Munch! — Nietzsche, Thiel and Scandinavia’s greatest artist
In honour of the 150th birthday of Norway’s great artist Edvard Munch, we present our greatest endeavour in the history of Thielska Galleriet in Stockholm: the exhibition Munch! — Nietzsche, Thiel and Scandinavia’s greatest artist, featuring works from the period 1880-1910, a total of more than twenty oil paintings and a large part of the artist’s prints.
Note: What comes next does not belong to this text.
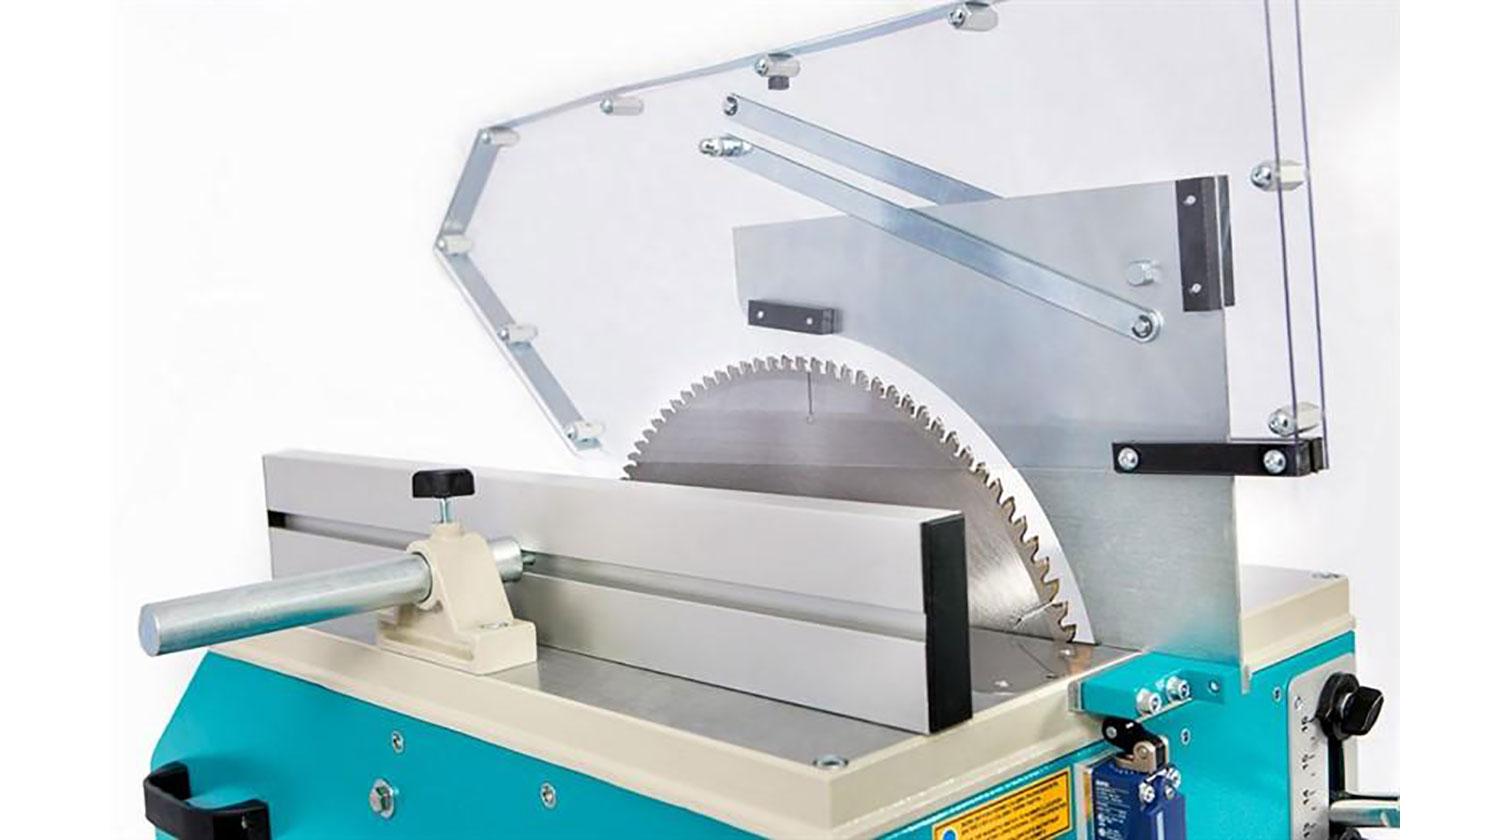 INT aluminum manual up cut saw Yilmaz MK 420 table saw configuration

Munch! is built around the artist’s famous monumental posthumous portrait of Friedrich Nietzsche, the great European philosopher of the era, commissioned in 1905 by Ernest Thiel, the prominent Swedish banker, businessman and patron of the arts. Ernest Thiel, who built Thielska Galleriet as his private home and to house his unique collection of Scandinavian and international art, was a devoted admirer of Friedrich Nietzsche and considered Edvard Munch to be the foremost artistic interpreter of the philosopher’s spirit and ideas.
Ernest Thiel became Edvard Munch’s foremost collector and patron over an important period during which he built the largest and most distinguished Munch collection outside Norway. Highlights of this collection, alongside the Nietzsche portrait, include Despair (1892, the first version of The Scream, painted the following year, in 1893), On the Bridge (1903) and The Sick Child (1907). In addition to the museum’s own collection of twelve oil canvases and 99 prints, the exhibition features paintings on loan from Nasjonalgalleriet and the Munch Museum in Oslo, from several Swedish institutions and from private collections.